Forest Foraging

Photos provided by Armin Weise.

Rachel Van Noordt
Arts and Features Writer
rvannoor@unca.edu

 A key to finding edible plants is to look in pristine locations.

In Asheville, it is common to see “Eat Local” stickers on windows and cars, but some choose to take this a step further by finding their own food growing wild in nature.

Armin Weise spends a lot of time with nature. Outside of his jobs as an assistant arborist and a forestry technician, he chooses to go on a hike instead of visiting the grocery store when he needs fresh produce. Identifying plants found in nature became an interest of his after college. He said these activities are remnants of his childhood in Germany.

“I grew up eating from our garden and eating out of the woods. I would go by myself into the woods, collect a basket full of mushrooms and come back with them. We’d eat it at home,” Weise said.

He learned to collect mushrooms by going into the woods with his grandparents every weekend. They would make mushroom soup with their findings. Collecting mushrooms in Germany was much more popular than in the States, Weise said, but Asheville is different.

“When people see a mushroom or a plant, especially in Asheville, they’re like, ‘Is that edible?’ You know, for everything,” Weise said.

A key to finding edible plants is to look in pristine locations, Weise said. For example, things growing next to a road are likely to have heavy metals in them. Places which are pesticide free and rich in nutrients are best.

Big Ivy is a favorite location for Alexander Rigas to look for edibles.

“I enjoy hiking and kind of searching, foraging things as the season permits. That’s one of the main things is being conscious of the weather and the season — knowing what to be looking for at that particular time,” Rigas said.

Rigas said he always had an interest in outdoor activities, studying horticulture before beginning nursing school at Asheville-Buncombe Technical Community College. He said identifying plants, noticing trends and maybe bringing home something to eat adds to the fun of going on a hike. Rigas said he collects edibles as a hobby and is cautious when it comes to eating them, rarely eating what he finds on the spot.

When collecting edibles from nature, Rigas said it is important to slice the plant or mushroom at the stem and to never uproot the whole thing. This will allow the plant to grow back.

Another basic philosophy of foraging is to not be greedy, Rigas said. It is unhealthy for the environment and makes collecting even more difficult for others.

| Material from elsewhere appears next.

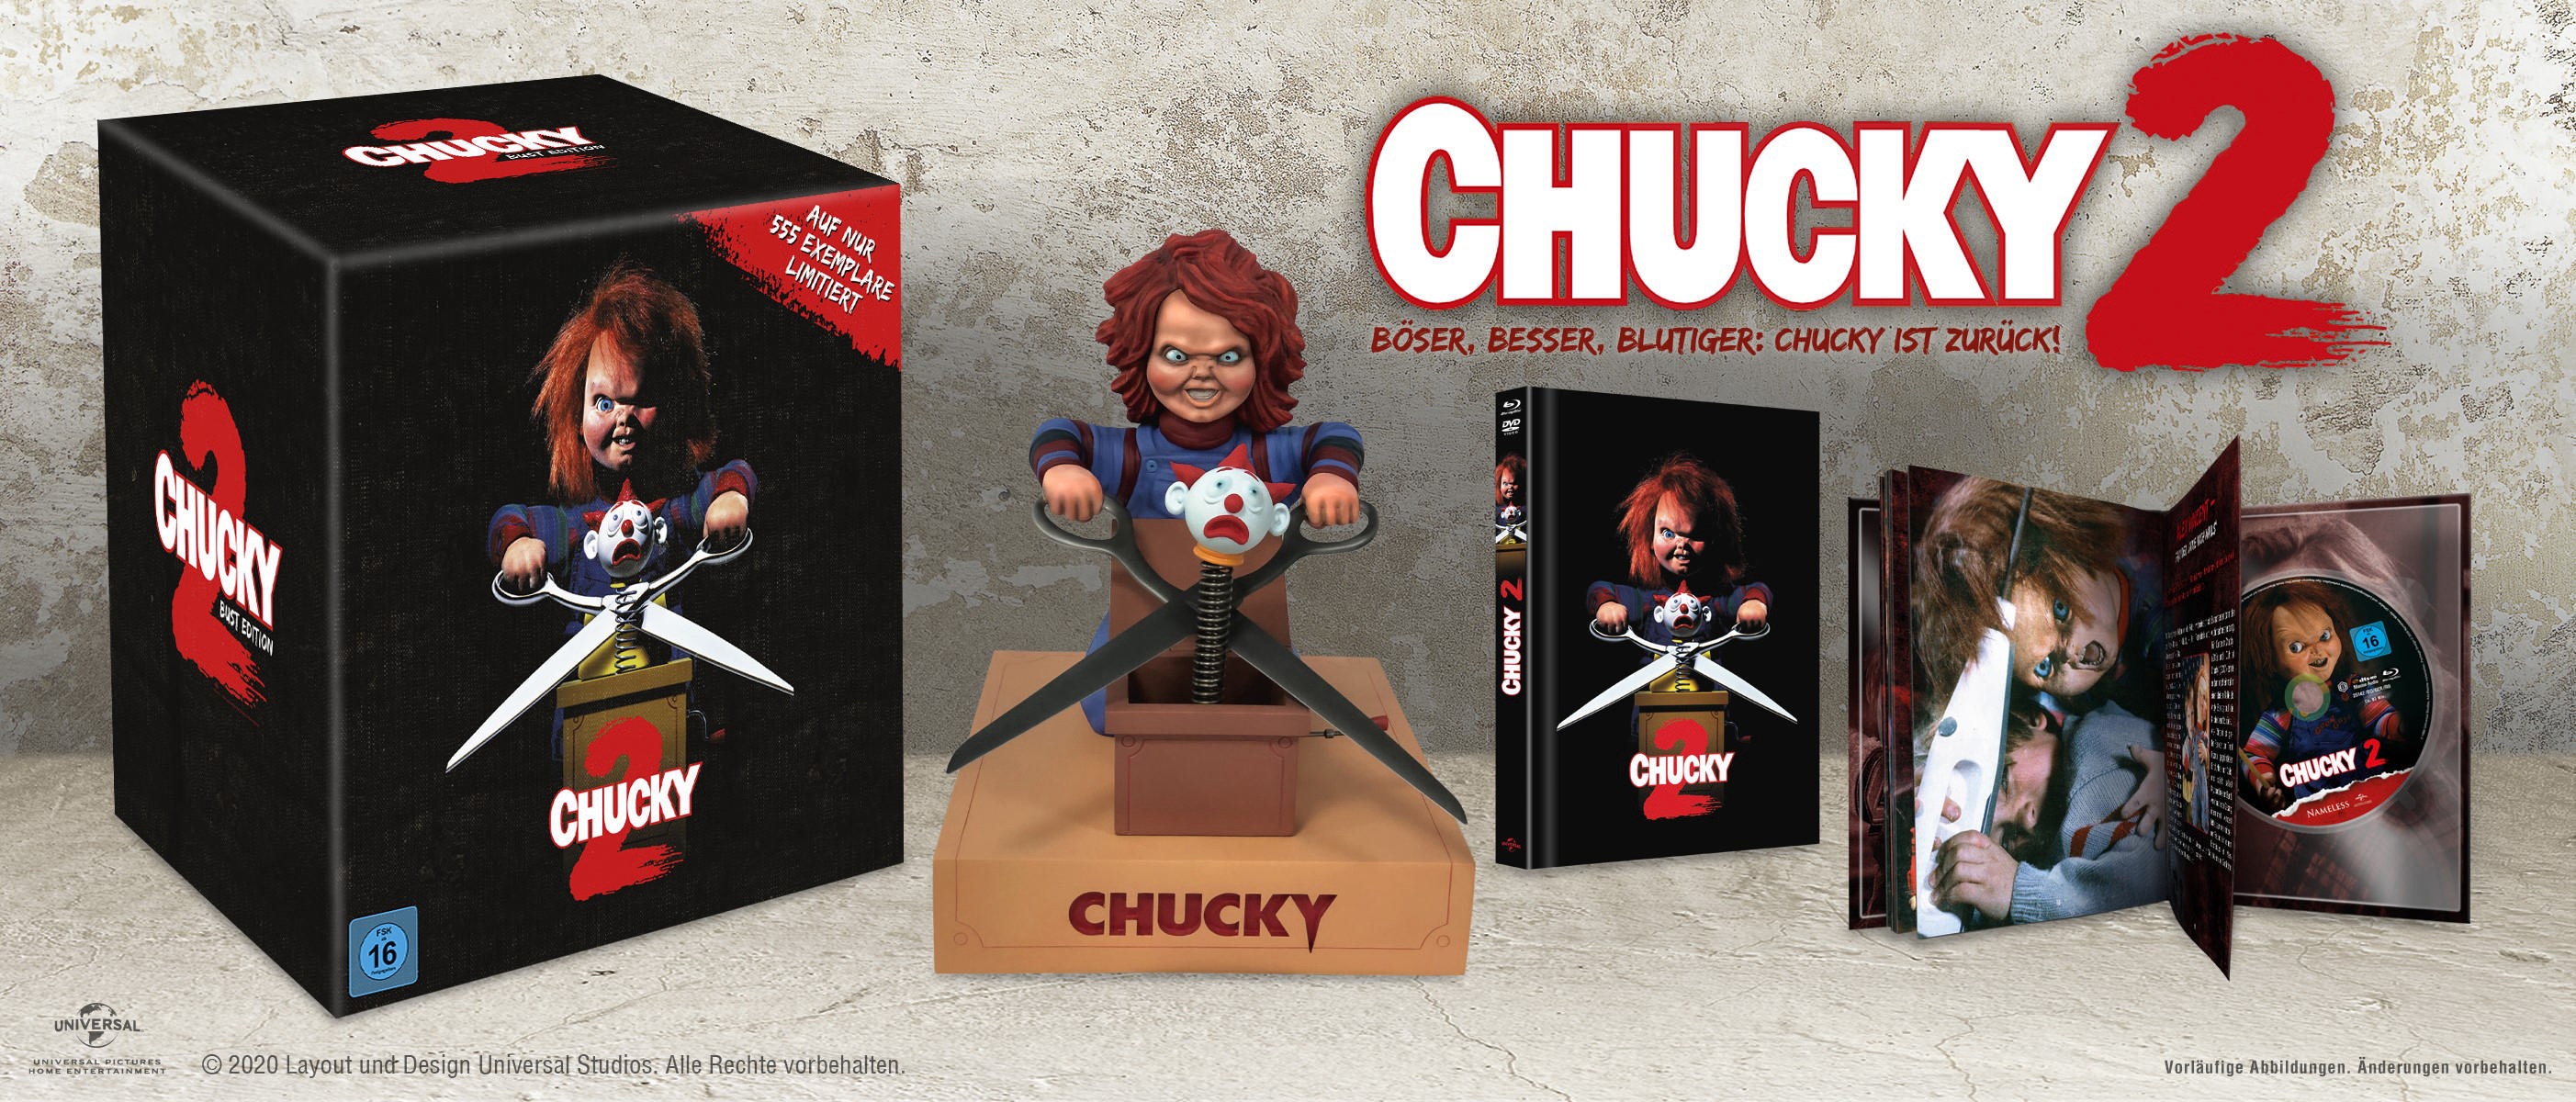 Chucky 2 - Die Blu-ray + DVD zurück! Mörderpuppe ist

Selling mushrooms by the pound to Asheville restaurants can be very profitable, but growing your own mushrooms would be a better alternative.

“I’d be more supportive of farming it and growing it in a sustainable manner as opposed to going and just pillaging the National Forest just to make a buck from a restaurant,” Rigas said.

Jake Donat, a friend of Rigas’, said he learned to forage for long backpacking and camping trips.

I thought that with a little knowledge of edible plants and a fishing pole I could substantially lighten my load,” Donat said.

During one of his trips, Donat and a fellow camper were able to extend their stay after finding a patch of Chicken of the Woods mushrooms.

“They were growing all over a massive oak that had fallen over the small spring we had been drawing water from. Upon further inspection, we noticed a huge patch of Watercress growing in the water just below it. With this new abundant food source to supplement our meager rations, we stayed for another three days,” Donat said.

Collecting edibles does not always require one to go on extensive hikes in nature. Things growing in your yard, which are often considered weeds, are edible. Weise said wild leeks, dandelions, clovers and raspberry leaves are just a few.

“The biggest things I think that people miss out on are those things that are readily available for them, right in front of their doorstep, and they don’t even know it,” Weise said.